An Execration upon Vulcan

We were woken at 2am by the sound of the house on the other side of the street - literally fifteen paces away - burning down. I heard bangings and crashings as I slept, enjoying a fitful dream, and when I opened my eyes I could dimly see orange flames reflected on the curtains. With the kind of cold instant alertness that possesses one at times like these, I leapt out of bed, ran up the front stairs - ran back, put some clothes on, ran out again - and saw fifteen-foot flames licking the front of the house directly facing ours in our small urban street. A parked car was five feet from the blaze, with its petrol tank already no doubt on a rolling boil. As usual in Britain, people were standing around in quilted dressing gowns drinking mugs of tea - I half expected the genteel old queen who lives next door to be out there cracking open the Harveys Bristol Cream and suggesting a round of community kumbayah-ing.
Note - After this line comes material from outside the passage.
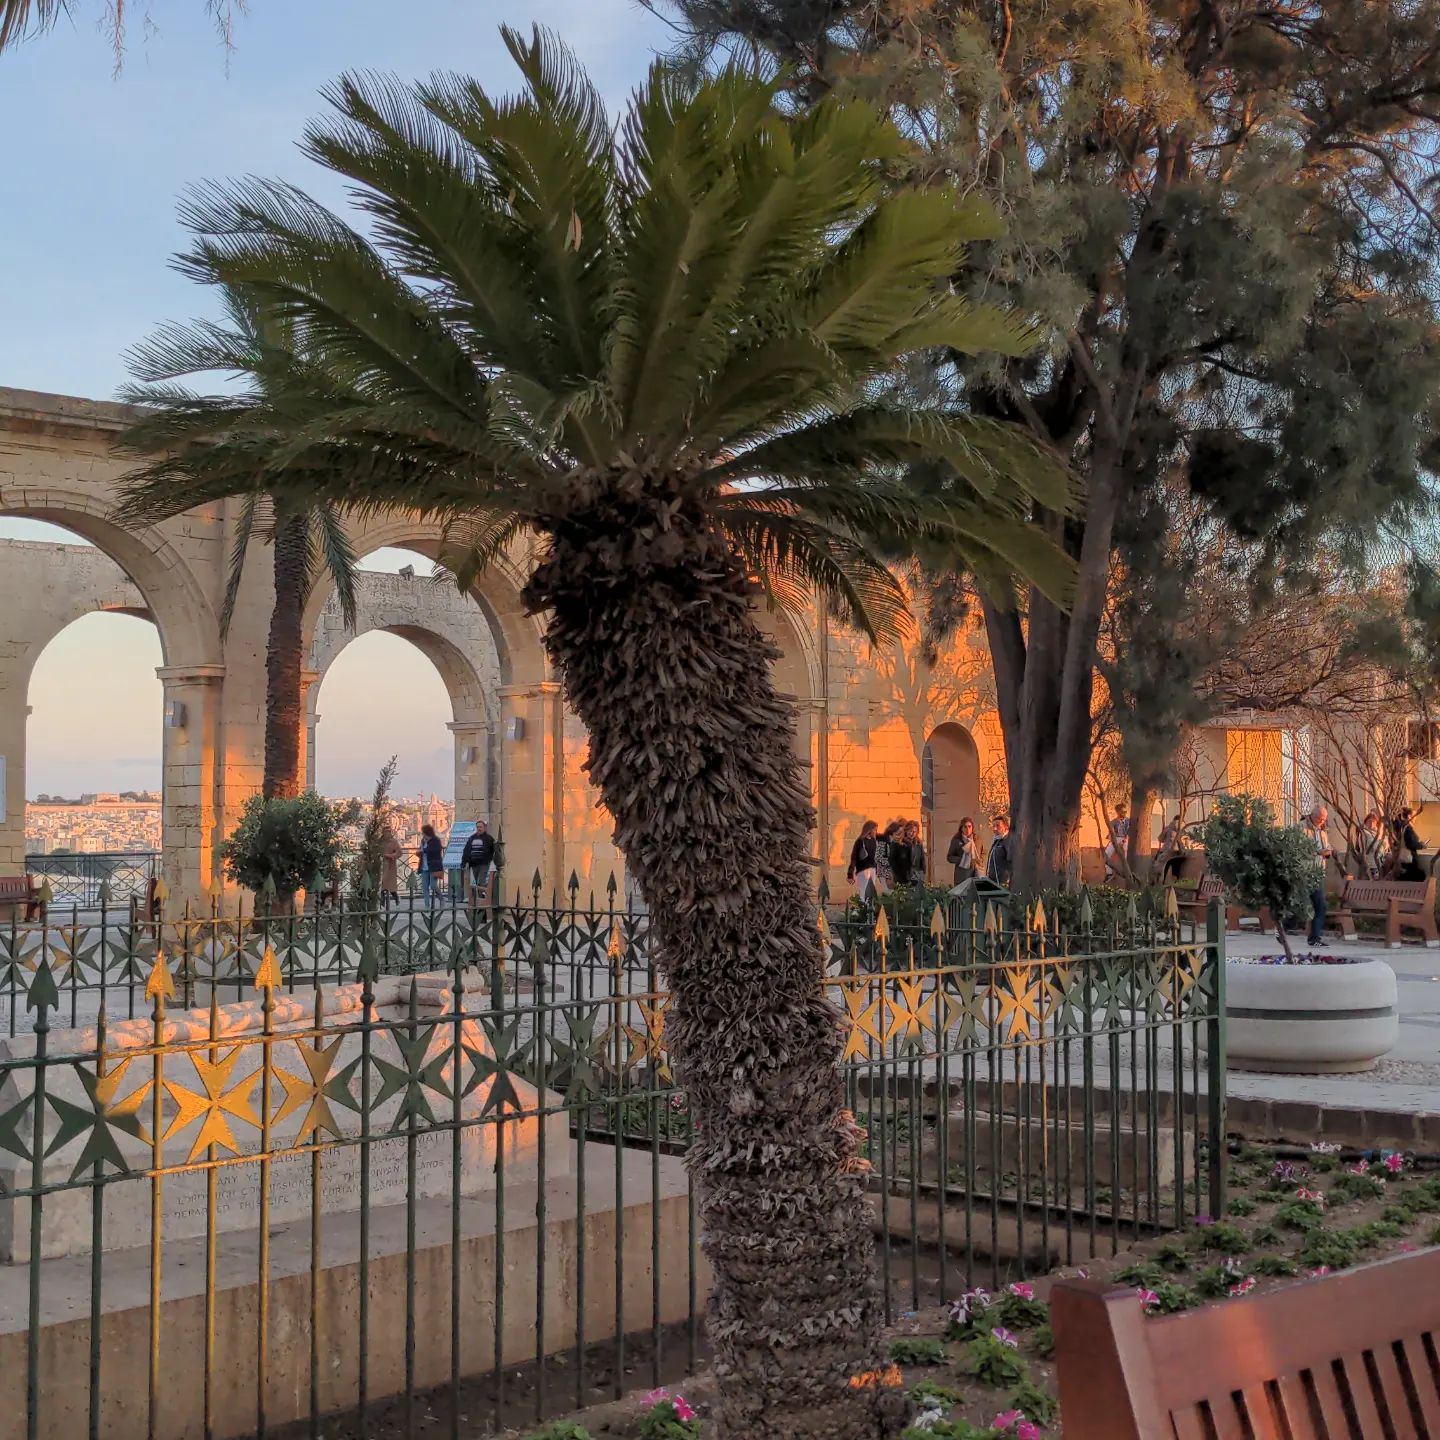 Und hier mal wieder eine der beliebten Palmen. #Malta #Valletta #Reisen #Travel #Unterwegs #Palme

Fortunately, no one was in the house; it's a student property that was being redecorated. The builders had tossed all the crap from the renovations - rotten plasterboard, card, old planks and so on - into the tiny bit of front garden instead of into a skip. On top of this ziggurat of crud they had placed an old-fashioned 70's foam sofa, with a particularly eye-watering orange paisley cover. No doubt some drunken cretin had thought, as they shambled past with a kebab, that it would be good clean fun to set light to this inflammable appurtenance. The inhabitants of the house had until recently been a band of bastards who had held incredibly noisy late-night parties and who were prone to sticking techno on at 6.30am, making our lives a misery. I found myself hoping that they were merely on holiday and their wretched stereo had been reduced to a plasticy puddle. Alas, I'm fairly sure they'd moved out, and it will doubtless be the poor landlord who has to pick up the tab. (Brand new UPVC windows, incidentally, go up a treat, with lovely ribbony, greasy, black and orange flames.)

The fire engine came, and it took the fire crew twenty minutes or so to get the blaze under control. I went back to bed, and lay awake listening to the pocks and tumbling thuds made by glass breaking and water-saturated plaster collapsing.